Learn first that MATLAB uses log(x) as the NATURAL log, NOT ln(x).
As well, learn that MATLAB does NOT use implicit multiplication. So xy is just the variable xy, here, undefined.
syms x y z T
solve(y==1/T+log(x), z==(x+y)/(1-x*y), exp(T)/x^2+z/x^3==1,[x,y,z])
So solve does not find a solution. At least not directly. Can we do some manipulation? First, play with the first equation, to get
y - log(x) = 1/T
and therefore
T = 1/(y - log(x))
Exponentiate to get exp(T).
exp(T) = exp(1/(y - log(x)))
Next, we can look at equation 3. Multiply by x^2.
exp(T) = x^2 - z/x
Which leaves us the pair of equations
x^2 - z/x == exp(1/(y - log(x)))
z==(x+y)/(1-x*y)
As you can see, these are independent of T. They will describe a curved path through the domain (x,y,z) , that is, if any numerical solution exists at all. But that path is COMPLETELY independent of T. Pick any value of T, and any point along that path will be a solution.
As such the plot you desire to see will be a simple one, of the form a + 1/T, if ANY solution exists. So a branch of a hyperbola in T. There a will be a function of z.
Can we do more? Yes, probably so. We can eliminate y temporarily, as:
isolate(z==(x+y)/(1-x*y),y)
EQ = subs(x^2 - z/x == exp(1/(y - log(x))),y,-(x-z)/(x*z+1))

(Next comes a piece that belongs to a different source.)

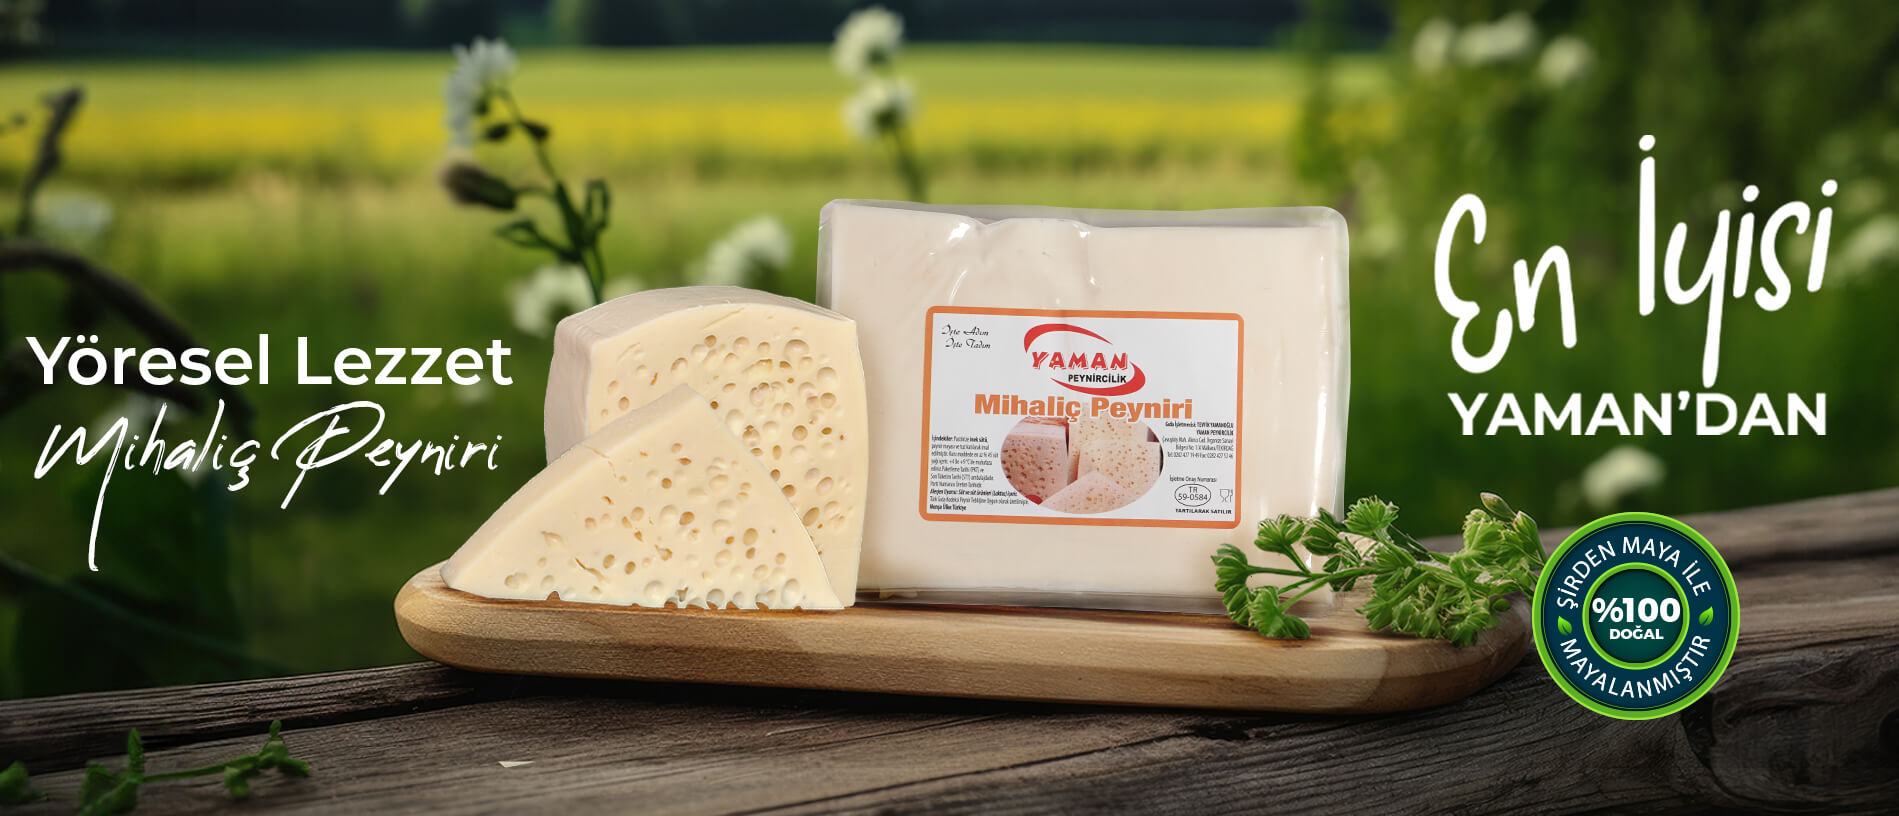 mihalic-peyniri-banner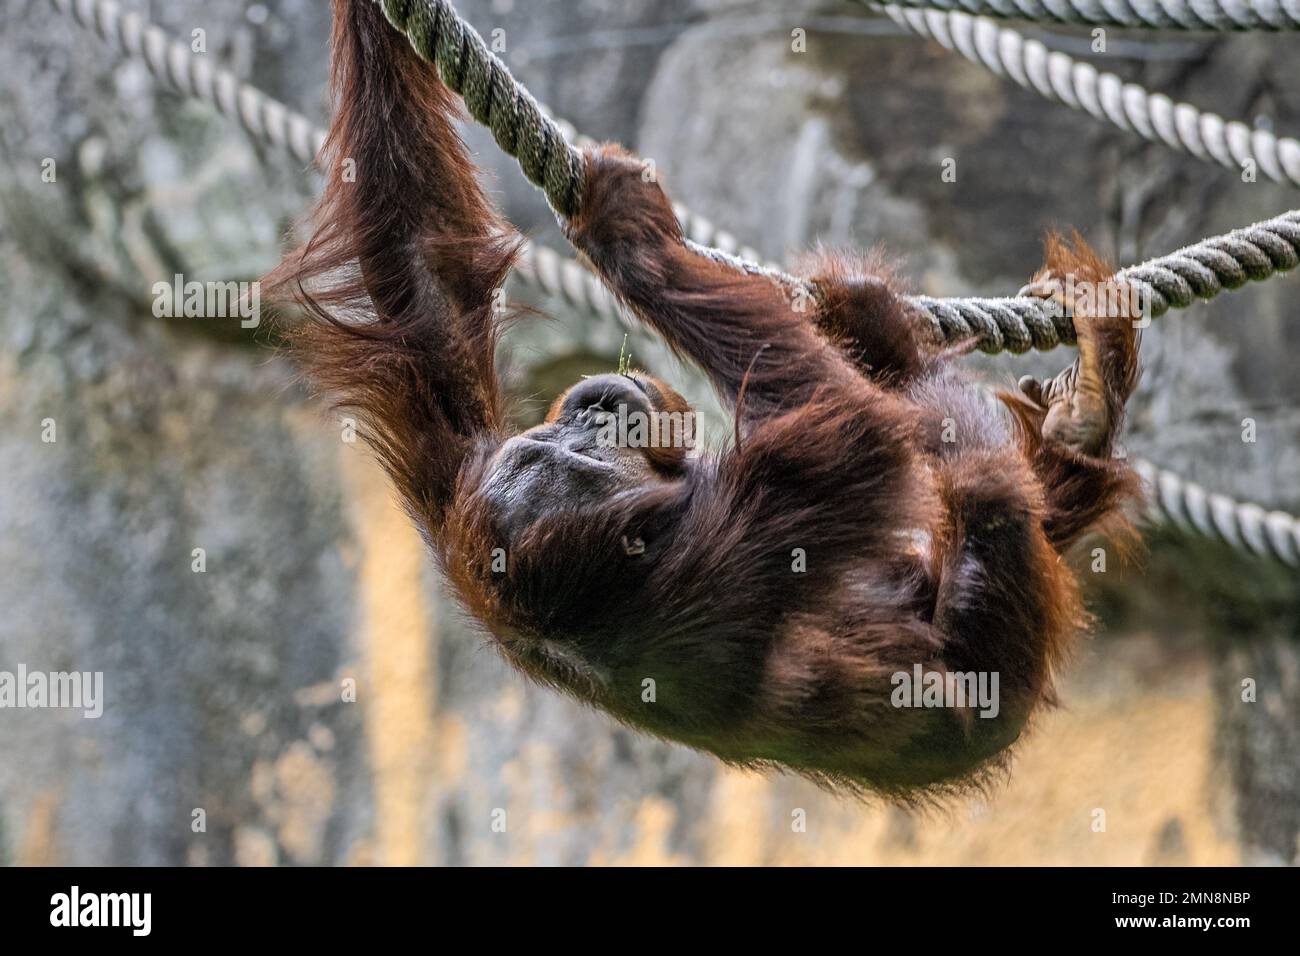 Orangutan, a critically endangered great ape from Southeast Asia, climbing ropes at Zoo Atlanta near downtown Atlanta, Georgia. (USA) Stock Photo

This is nothing terrible exciting. It certainly has no closed form resolution. But we can plot it.
fimplicit(EQ)
grid on
xlabel x
ylabel z
So a nasty looking thing, with multiple branches. It appears a solution exists for ANY value of z. In fact, for many values of z, there will be several solutions.
And that means the final plot you want to see is just that simple 3*z+1/T curve. Pick ANY value of x, and that will produce several solutions for z.